RECORDS FOR PROCESSING:
____________
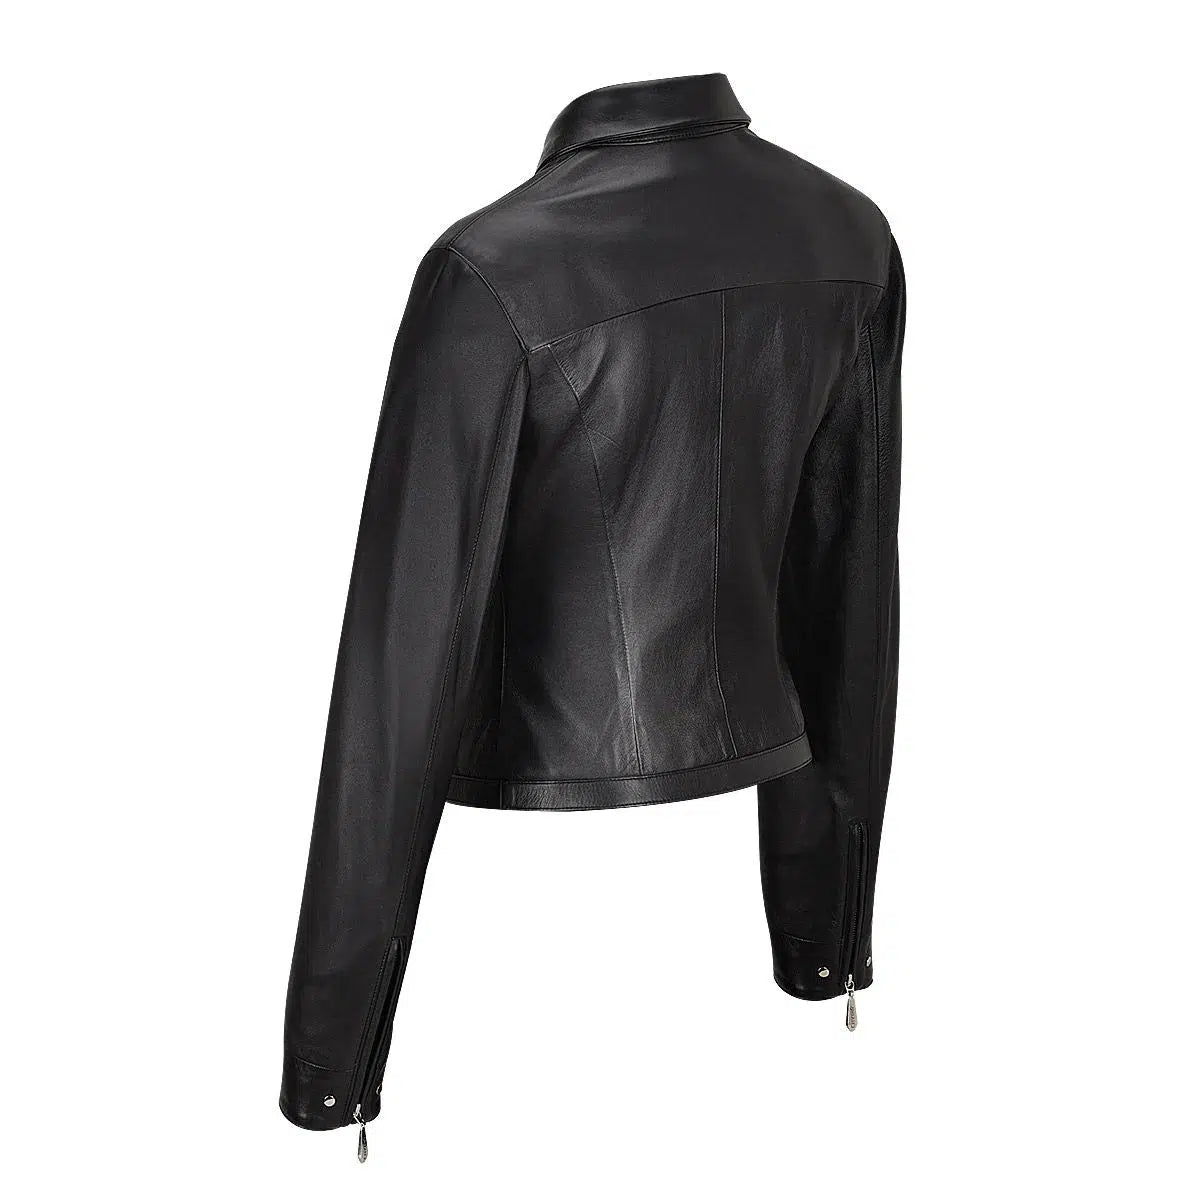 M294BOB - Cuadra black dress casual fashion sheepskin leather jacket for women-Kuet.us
____________
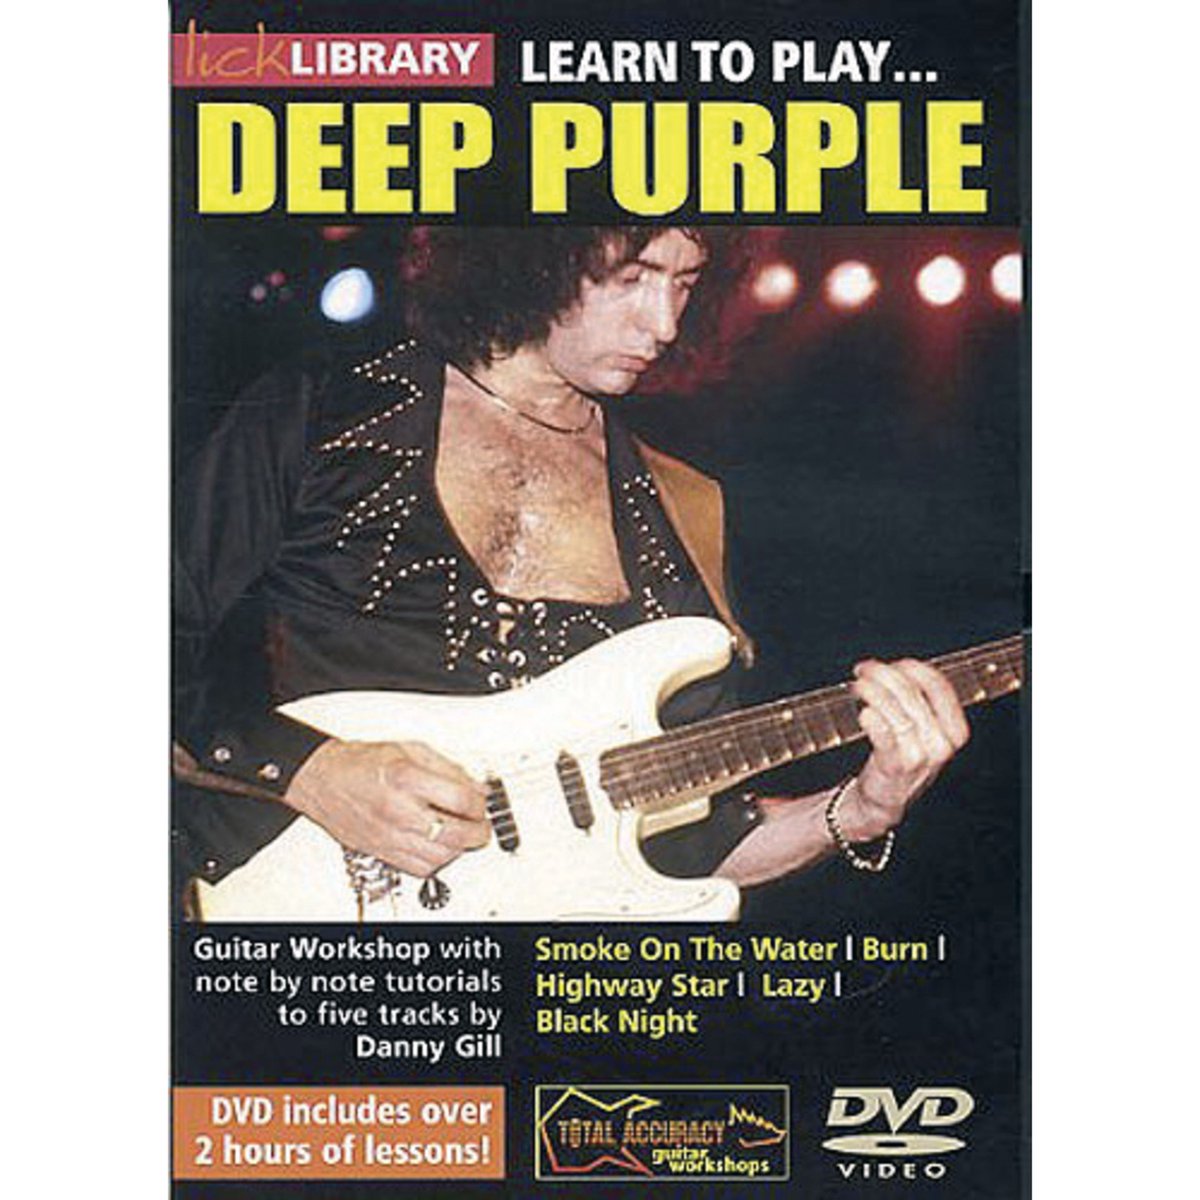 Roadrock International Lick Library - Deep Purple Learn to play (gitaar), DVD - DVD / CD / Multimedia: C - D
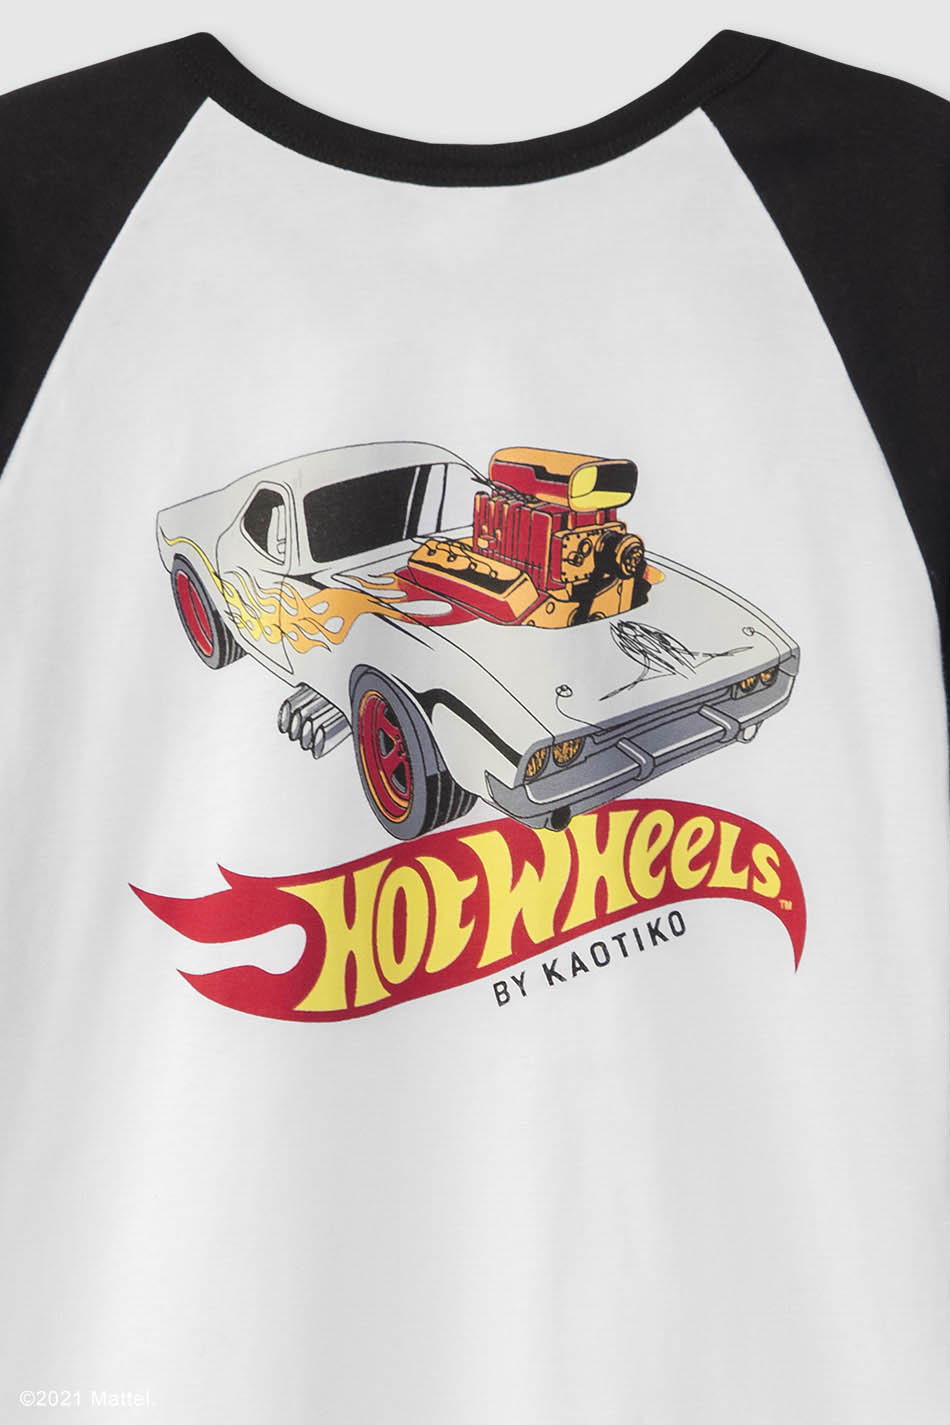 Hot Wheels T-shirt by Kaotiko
____________
Out of the records above, return only the lines from the one with "Roadrock International Lick" through the one with "Hot Wheels T-shirt by Kaotiko", exactly, and none of the pictures.

 Roadrock International Lick Library - Deep Purple Learn to play (gitaar), DVD - DVD / CD / Multimedia: C - D
 Hot Wheels T-shirt by Kaotiko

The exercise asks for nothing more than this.